Please recall that this same man said exactly one year ago in August 2010:
“The financial crisis appears to be mostly behind us, and the economy seems to have stabilized and is expanding again.” In that speech, Bernanke signaled that the Fed would begin a new round of Treasury bond purchases to try to lower long-term interest rates, spur spending and boost the stock market. His words ignited a 28 percent, eight-month rally in the Dow, but the economy did obviously not catch on. This time, Bernanke merely repeated that the Fed “has a range of tools that could be used to provide additional monetary stimulus.” Besides a third round of bond purchases, there is however not a whole hell of a lot the Fed can do.

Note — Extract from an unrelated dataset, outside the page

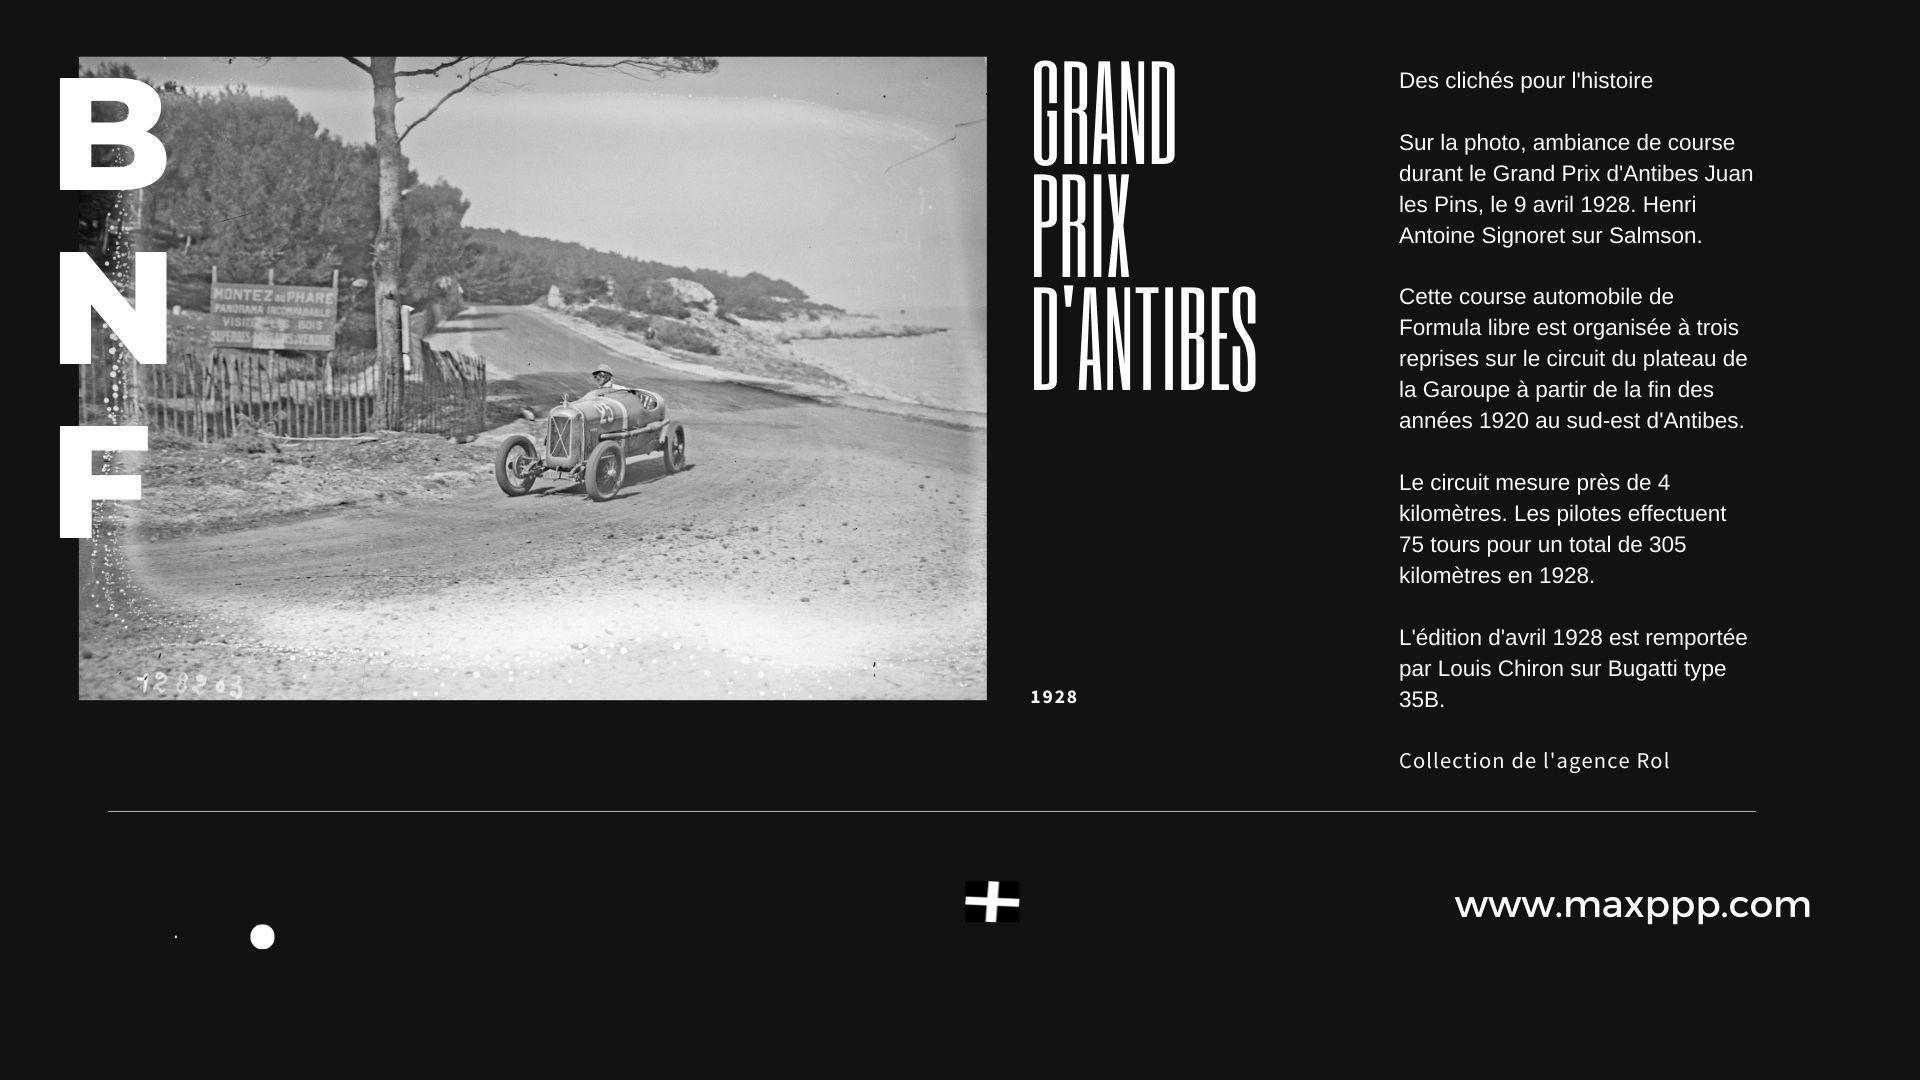 GRand Prix d'Antibes Juan Les Pins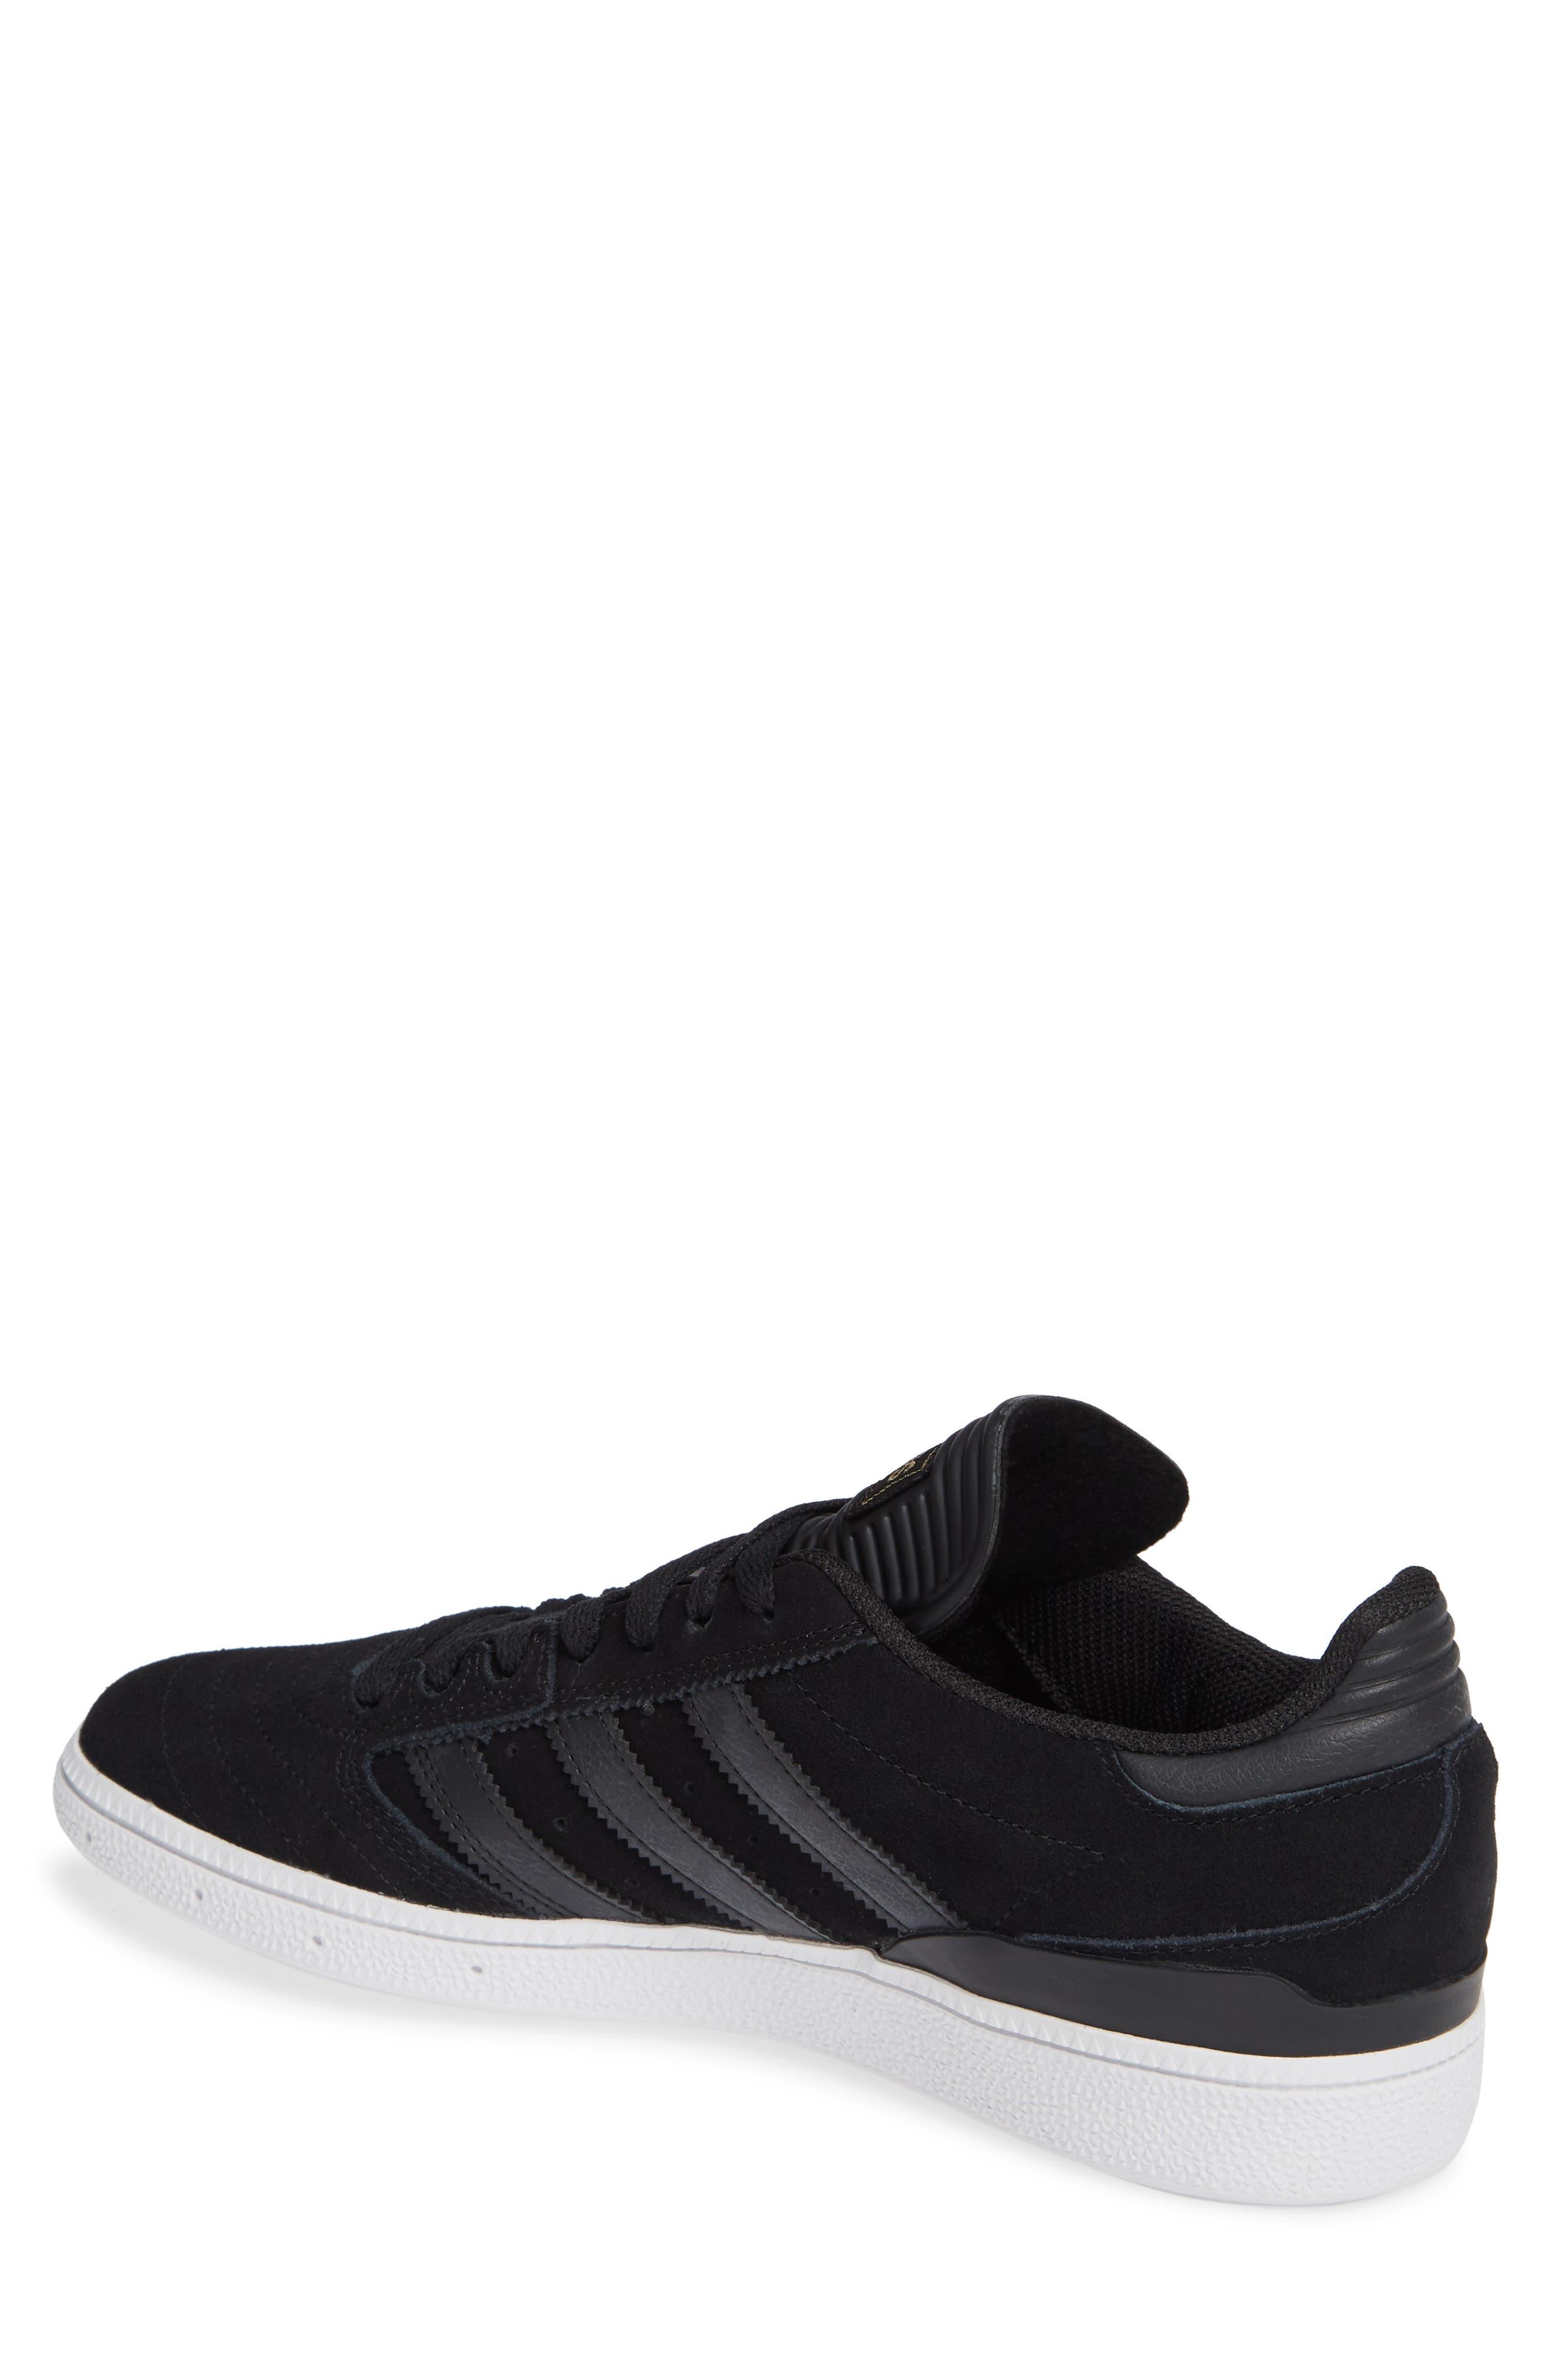 Busenitz Sneaker,                             Alternate thumbnail 2, color,                             BLACK/ BLACK/ WHITE

Going back a bit further to the beginning of the sub-prime disaster in May of 2007 Big Ben gloriously uttered: “Given the fundamental factors in place that should support the demand for housing, we believe the effect of the troubles in the subprime sector on the broader housing market will likely be limited, and we do not expect significant spillovers from the subprime market to the rest of the economy or to the financial system. The vast majority of mortgages, including even subprime mortgages, continue to perform well. Past gains in house prices have left most homeowners with significant amounts of home equity, and growth in jobs and incomes should help keep the financial obligations of most households manageable.”
We all know what followed, yet, for some reason that escapes me entirely, investors are still waiting for his gospel of wisdom, hoping for a sprinkle of additional stimulants, and when he intentionally fails to deliver that message, they see it as a nod to go ahead and buy the market up another 134 points. Creepy is all I can say.